# BIOS Not Recognizing Bootable CD



## imbzy (Jul 5, 2007)

Hey everyone,

My current dilemma involves my computer simply not recognizing any bootable CD. I've set CDROM as first priority in my BIOS, but what's more is that on startup I can hit a key for a "boot menu," and every time I try to boot the CDROM I receive an error that states that it is in fact not a bootable CDROM.

The CD isn't faulty. I've tried using this disc on other computers without any problems.
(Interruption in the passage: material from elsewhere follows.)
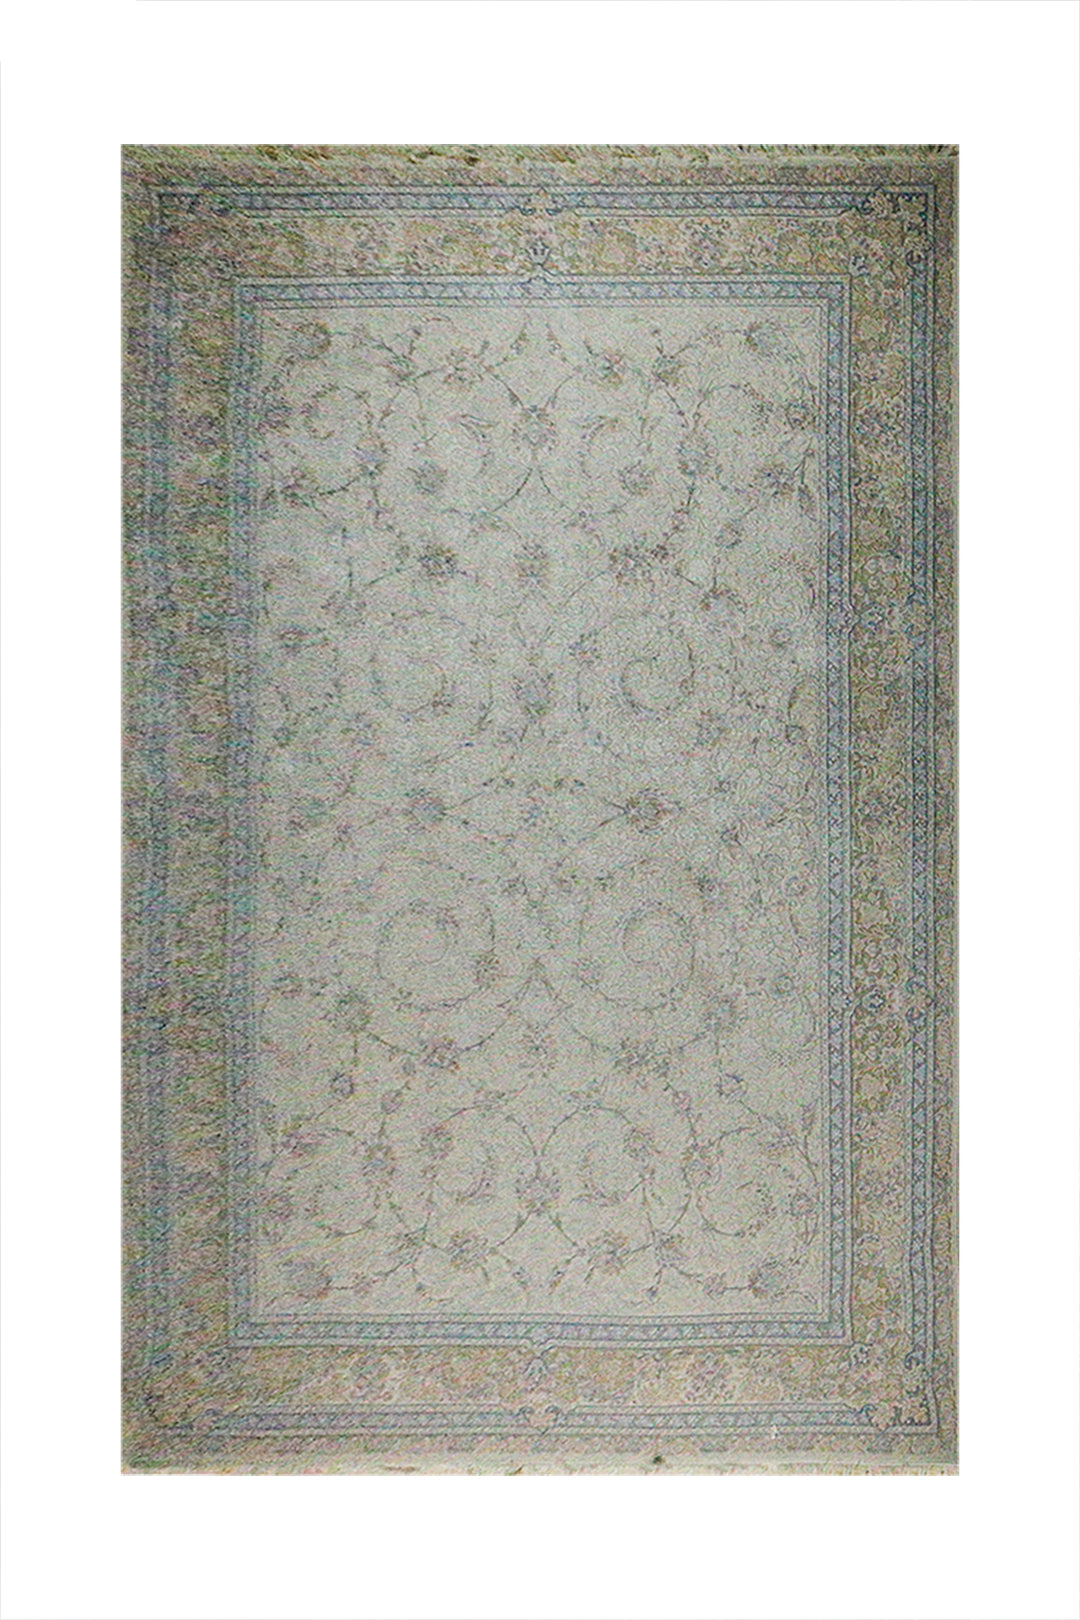 Turkish Modern Silk 1200 Rug - Beige - 8.2 X 11.4 Ft- Resilient Construction For Long-Lasting Use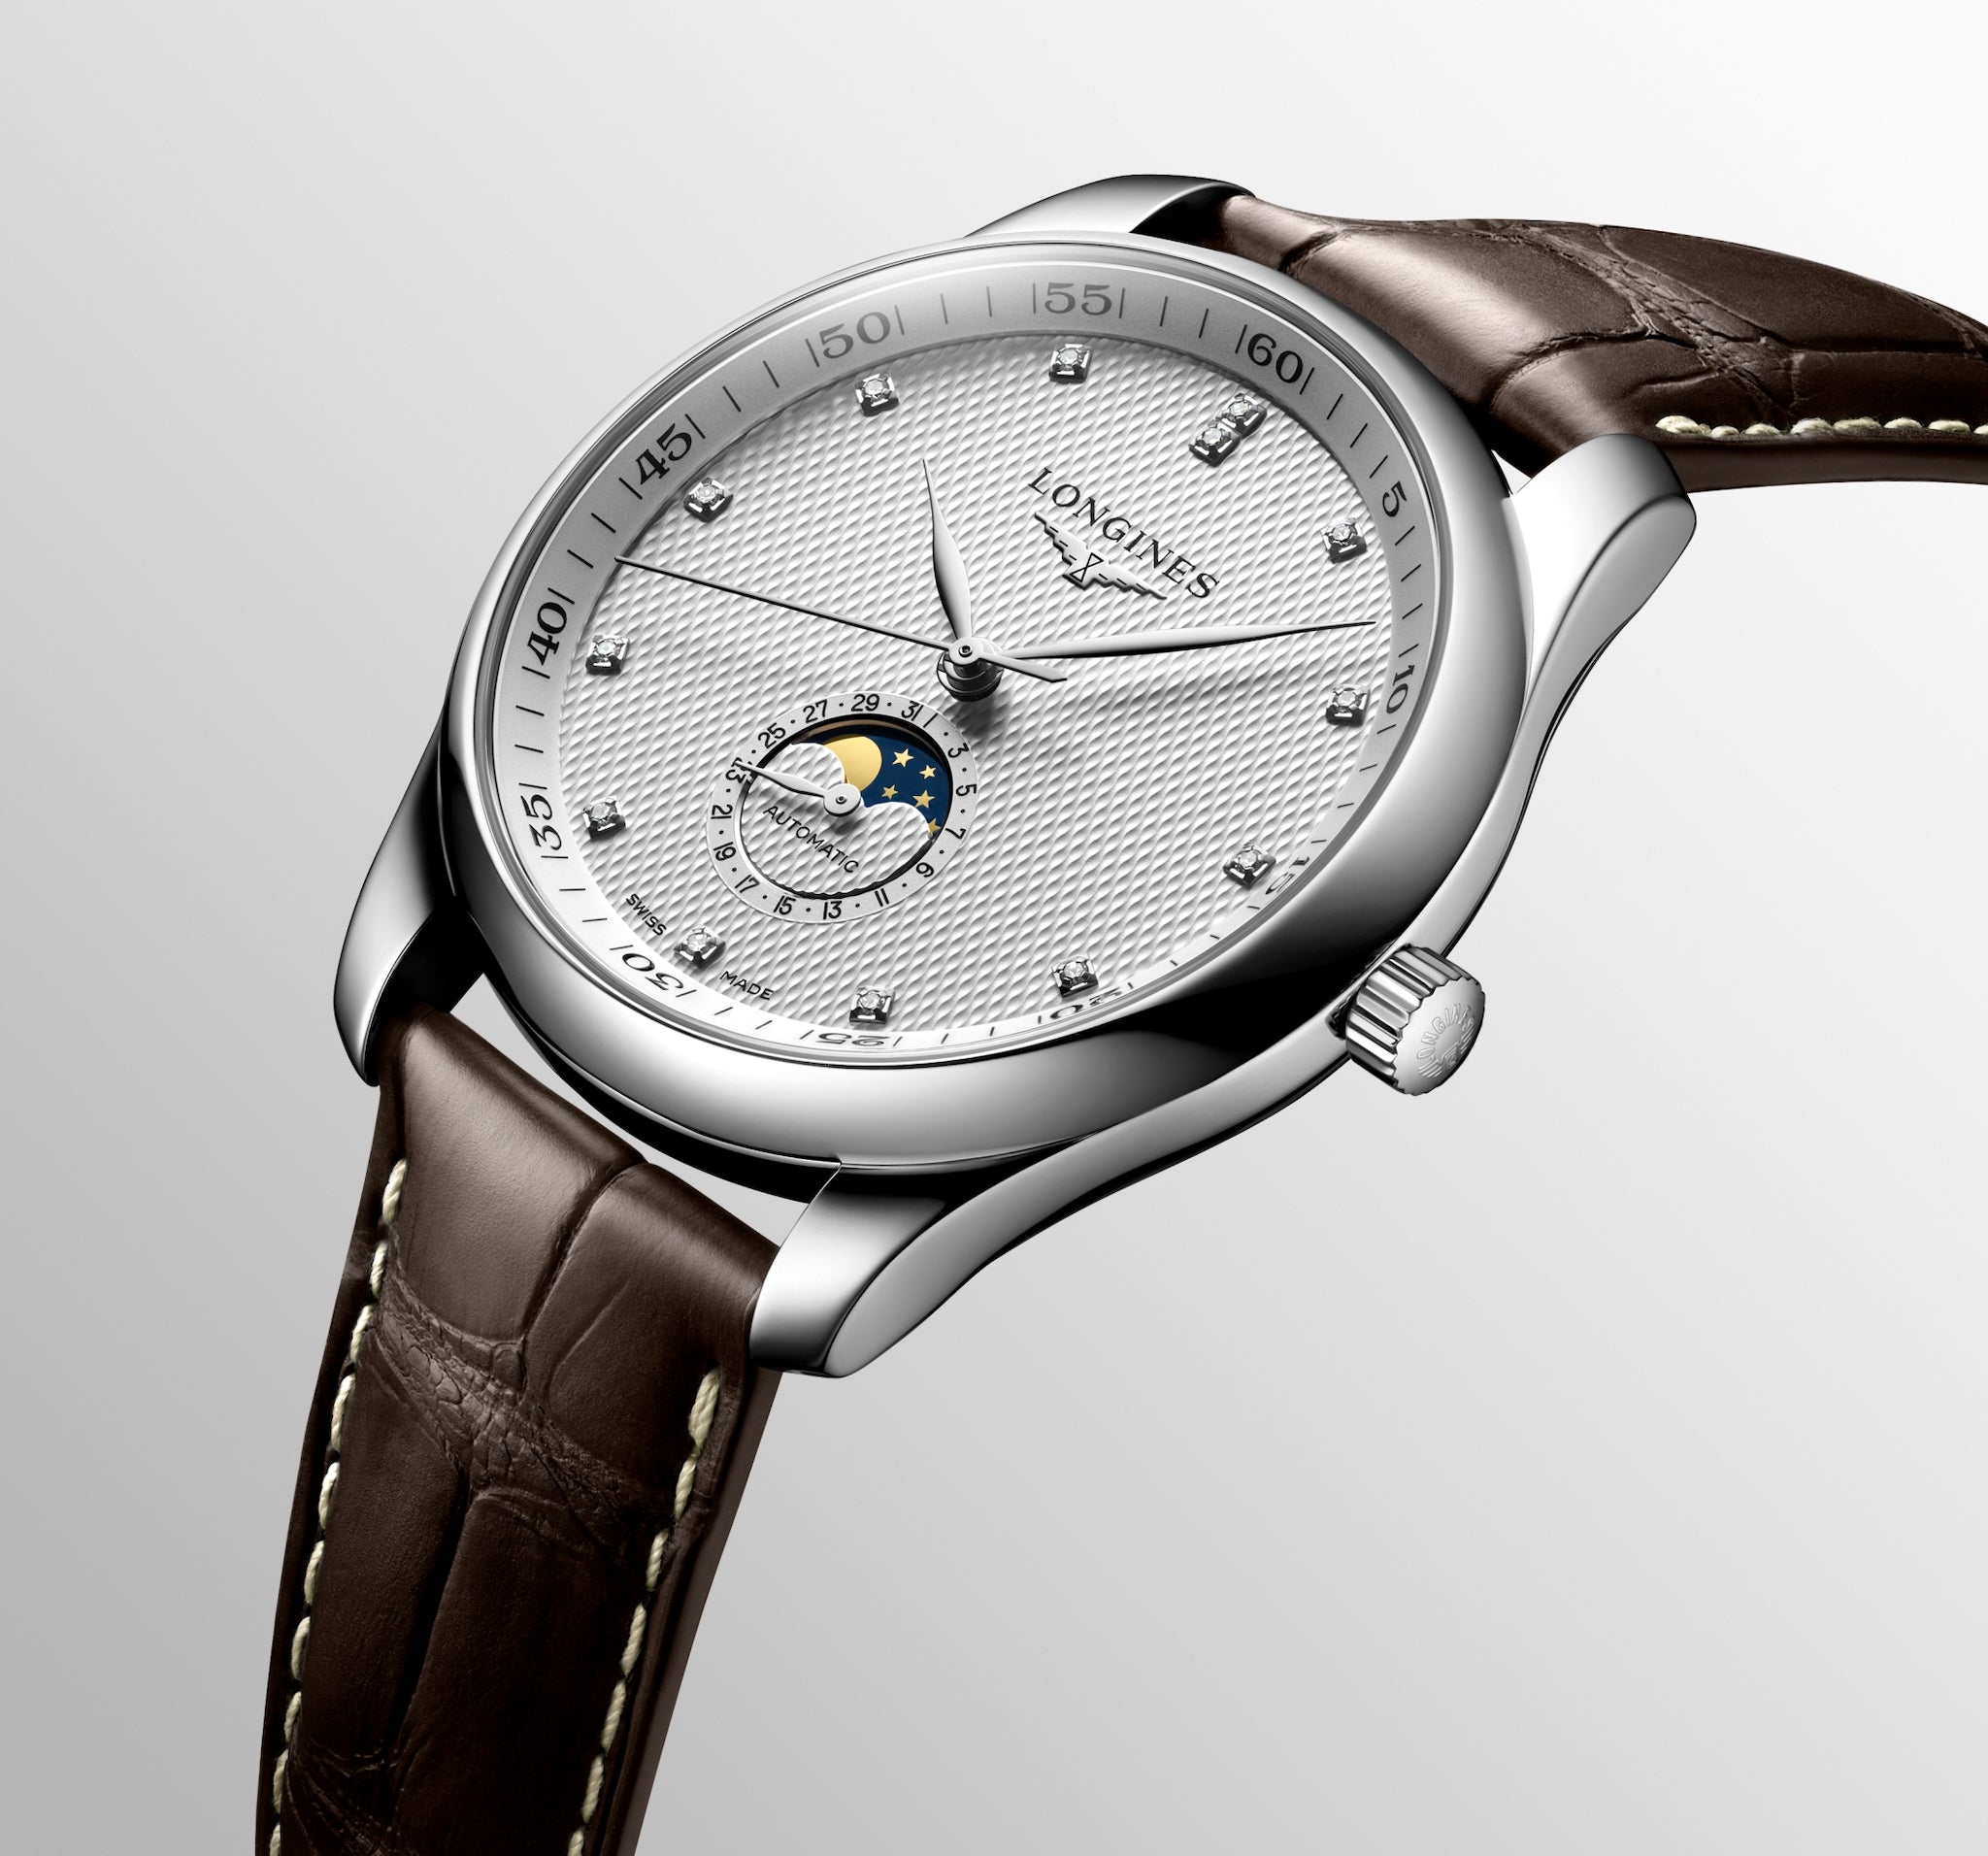 THE LONGINES MASTER COLLECTION L2.919.4.77.3

Am I going to need to update my BIOS (and how would I do this? Do MoBo companies have a download on their website from which I can burn the image onto a disc?)? Is there something faulty in the MoBo itself?

Any help is appreciated.

*EDIT -- My System*:
CPU - DualCore AMD Athlon 64 X2, 2200 MHz 4200+
System Memory - 2048 MB
BIOS Type - Award (11/23/05)
Video Card - NVIDIA GeForce 7600 GT

Motherboard is "Unknown" according to Everest, and being this is a Gateway (that I've upgraded) computer I'm assuming they make their own.


----------



## manic (Aug 2, 2005)

Find out what model number of gateway from gateway via website.
Then find and install mobo drivers, if you have the original discs that came
with the gateway the drivers will be there.


----------



## imbzy (Jul 5, 2007)

manic said:


> Find out what model number of gateway from gateway via website.
> Then find and install mobo drivers, if you have the original discs that came
> with the gateway the drivers will be there.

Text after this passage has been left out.